The perfect security is a combination of two types of inflation linked bonds: a capital indexed bond while investors are still working and accumulating superannuation funds then an investment in an inflation linked annuity when you hit retirement
A simple yet very effective way to build capital pre retirement is to invest in Capital Indexed Bonds (CIBs), which have a low coupon (interest) distribution but a high real yield (the yield earned in excess of inflation) and their capital value increases with inflation.
A very effective way to meet pension and reinvestment requirements in the post retirement phase is to invest in Inflation Linked Annuities (IIAs), because IIAs repay both principal and interest regularly; they have high cashflow.
By making a few realistic assumptions, best explained directly by your FIIG sales representative, we can show you how you can achieve a desired pension outcome by investing in a CIB and then selling it at the point of retirement (or buying a CIB that matures near retirement date) and investing the proceeds into the IIA. We assume you can purchase the IIA at the same real yield as what is available today.

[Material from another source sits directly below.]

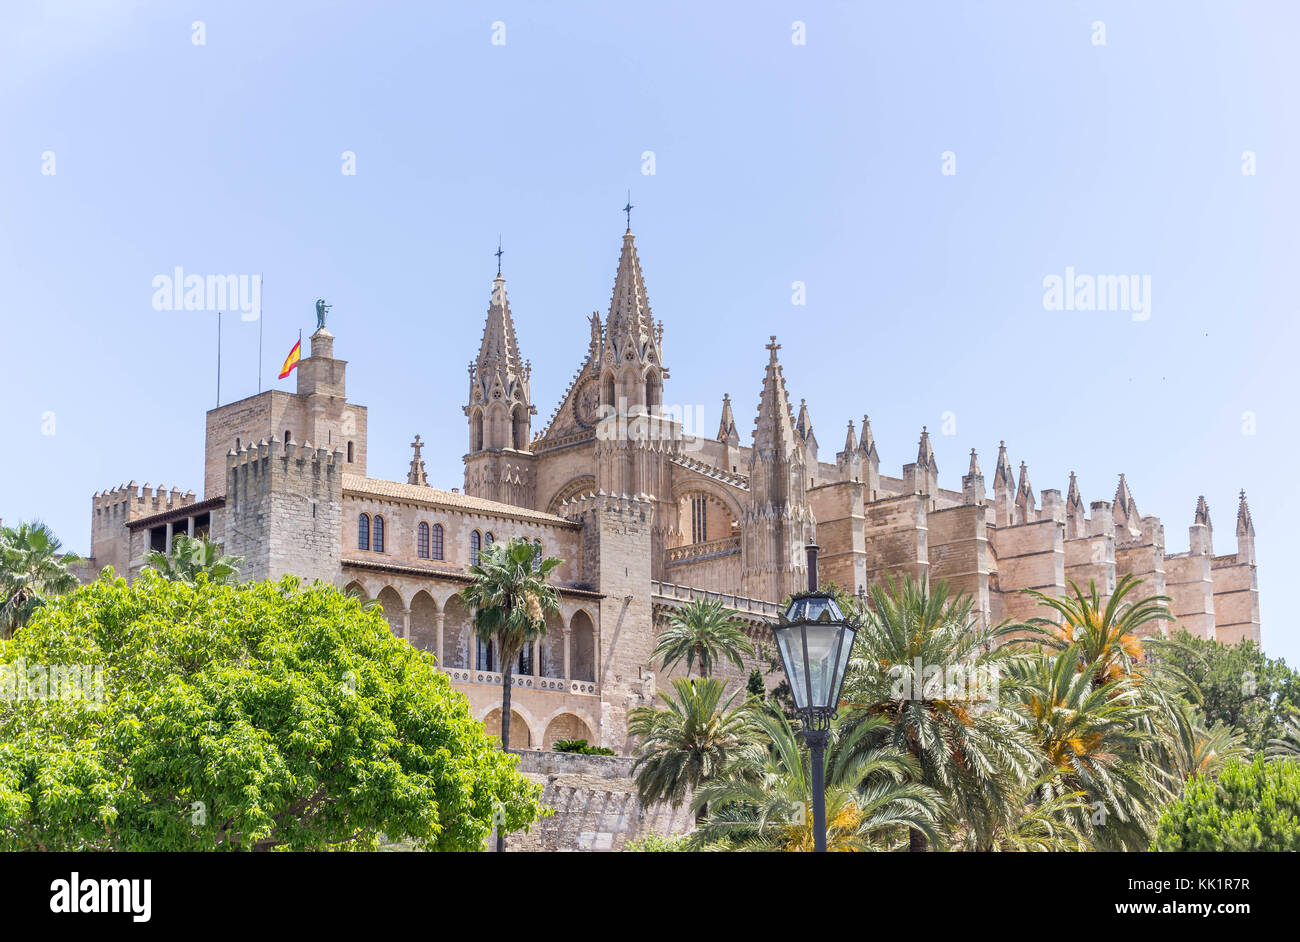 Beauty of Palma de Majorca, Spain Stock Photo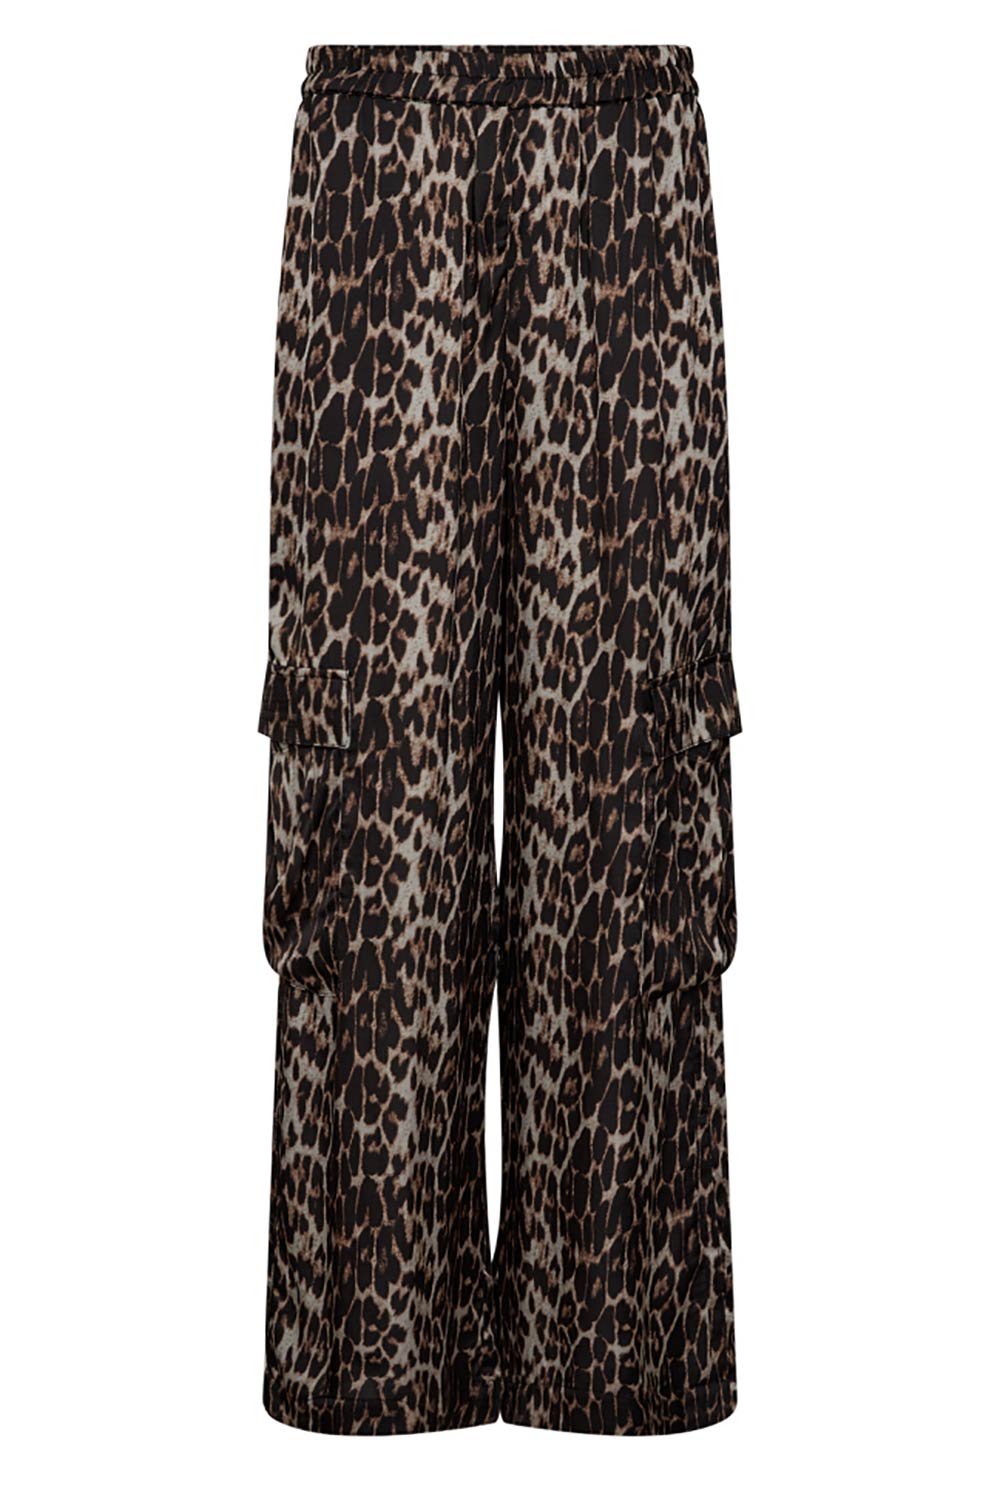 Co'Couture Leopard print cargo broek Leoleo dierenprint

Because the CIB and the IIA prices are both linked to inflation, the CIB will provide a (near) perfect hedge for the change in price of the IIA (that is prices of both bonds should move in a similar fashion). So, whatever changes there are to inflation they will be reflected through the Consumer Price Index. Assuming the companies remain solvent, you are protected and will receive that inflation adjusted pension!
See the link below for an actual cashflow example that will help you to understand the strategy. Our example shows only two securities for the sake of simplicity. It comprises one CIB and, upon maturity, one IIA.
Example investor and investment requirement:
- Investor is currently aged 57 and has an intended retirement age of 65
- Estimates that if they were to retire today they would require an income of $64,000p.a. ($16,000 per quarter) indexed to grow with inflation
- Given a CPI assumption of 2.61% per annum (average CPI since 1992), our investor will need approximately $79,000p.a. income from 2020, if that is when they wish to retire
Let’s round that number up to $80,000 p.a. or $20,000 per quarter, again, indexed to grow with inflation. We will revert to a 2.50% assumption for the rest of the analysis (middle of the RBA target range).
Example investment strategy to meet investment requirement:
Question: Given current asset prices, how much capital does this investor need to invest NOW, to achieve the $80,000 cashflow in eight years’ time?
While the answer is dependent on life expectancy, let’s say our investor lives to 80, chosen because the 15 year IIA, that will be invested in, in 8 years’ time, is the longest available IIA currently issued in the Australian market place.
Answer to the question: Given the assumption of CPI at 2.50% (and a few other assumptions) the answer is $566,850.
An investment of $566,850 will buy $460,000 Notional Face Value (FV) Sydney Airport 2020 CIBs, at a real yield of 4.00% (total yield of 6.50% with CPI estimated at 2.50%). This FV is currently index to an adjusted FV of $580,360 which will have a maturing estimated value on 20/11/2020 of $704,000. Additionally, if the coupons that are paid by this bond are reinvested at the assumed reinvestment rate of the current bank bill rate as derived from the interest rate swap curve, they will compound to a value of $199,500 on 20/11/2020.
The subsequent total value of assets held at the completion of the capital accumulation phase, pre the commencement of the pension phase, is $903,500.
This amount will buy $960,660 Notional FV of the JEM Southbank June 2035 IIA at a real yield of 3.80% (total yield of 6.30% with CPI at 2.50%), providing the investor with 15 years of quarterly payments of $20,000 each, indexed to CPI.
Importantly, it does not matter what inflation is, as the investments will appreciate in line with inflation, thus providing the required $64,000 pension (original requirement in today’s terms).
Note that the figures in the model were prepared before the coupon payment was due). Also note that these figures do not consider taxation.
The combined strategy of buying a CIB now, then at maturity or point of retirement buying an IIA protects your capital against inflation and provides a steady income in retirement.